Regarding claim 4, Agrawal, in view of Anderson, discloses the invention of claim 3 as discussed above. Agrawal further discloses wherein each instruction comprises (i) an operation from a predetermined set of operations and (ii) a set of arguments (¶ 31 (“For example, the SVM machine learning algorithm includes two hyperparameters: “C” and “gamma.” The “C” hyper-parameter may be set to any value from 10−3 to 105, while the “gamma” hyper-parameter may be set 10−5 to 103. Accordingly, there are endless permutations of the “C” and “gamma” parameters that may yield different loss values for training the same adult income training data set.”)).

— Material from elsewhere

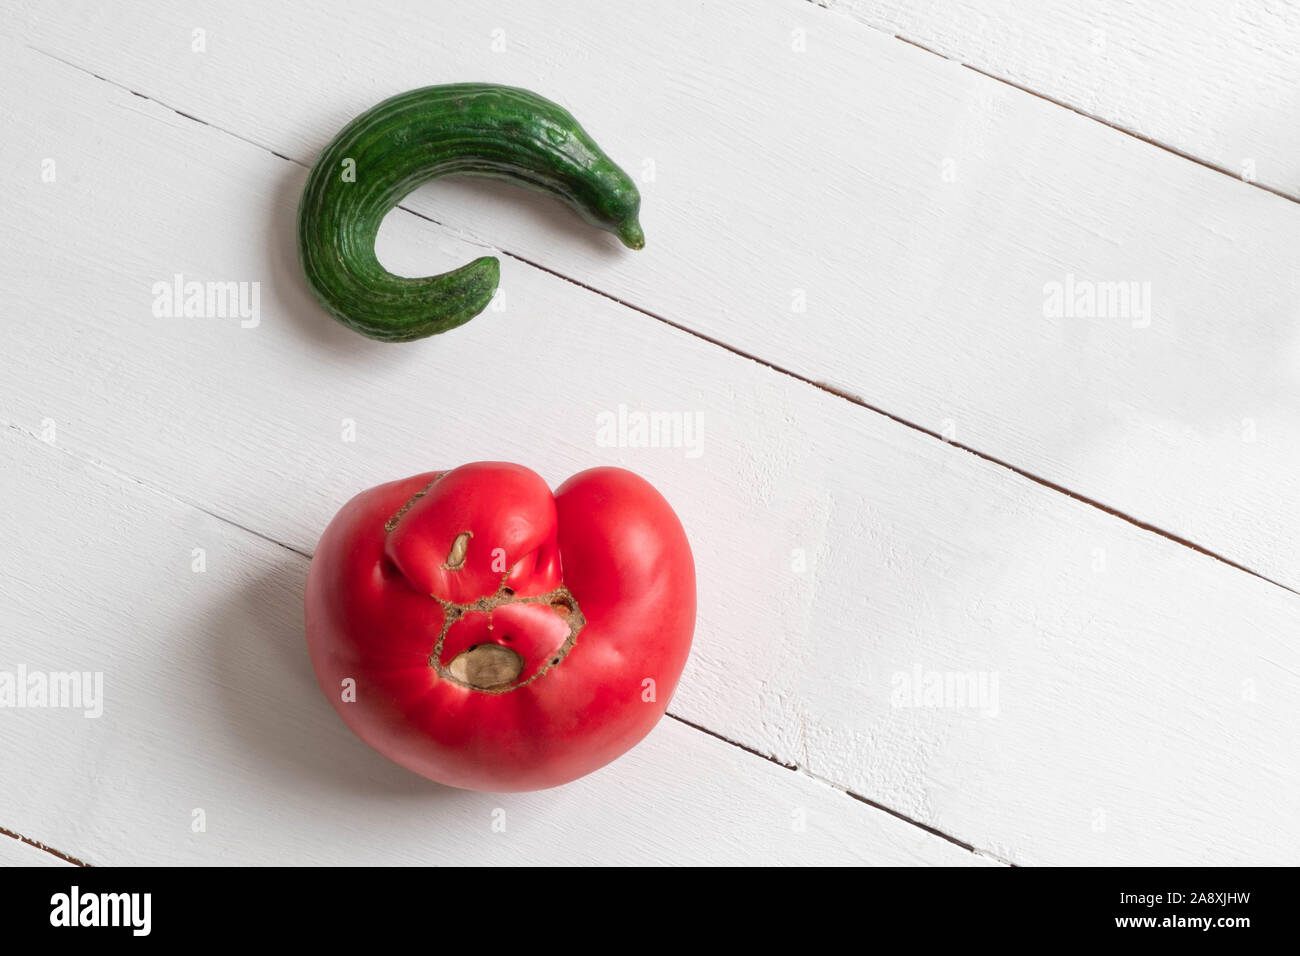 Concombre tomate et légumes laid on white background Banque D'Images

Regarding claim 5, Agrawal, in view of Anderson, discloses the invention of claim 3 as discussed above. Agrawal further discloses initializing each of the first candidate setup function, the first candidate predict function, and the first candidate predict function of the first candidate machine learning algorithm in the sequence of candidate machine learning algorithms with one or more instructions (¶ 32 (“Therefore, to select a type of algorithm or moreover, to select the best performing variant of an algorithm, various hyper-parameter selection techniques are used to generate distinct sets of hyper-parameter values. Non-limiting examples of hyper-parameter value selection techniques include a Bayesian optimization such as a Gaussian process for hyper-parameter value selection, a random search, a gradient-based search, a grid search, hand-tuning techniques, a tree-structured Parzen Estimators (TPE) based technique.”), ¶ 33 (“With distinct sets of hyper-parameters values selected based on one or more of these techniques, each machine learning algorithm variant is trained on a training data set. A test data set is used as an input to the trained model for calculating the predicted result values. The predicted result values are compared with the corresponding label values to determine the performance score. The performance score may be computed based on calculating the error rate of predicted results in relation to the corresponding labels. For example, in a categorical domain if out of 10,000 inputs to the model only 9,000 matched the labels for the inputs, then the performance score is computed to be 90%. In non-categorical domains, the performance score may be further based on a statistical aggregation on the difference between the label value and the predicted result value.”)).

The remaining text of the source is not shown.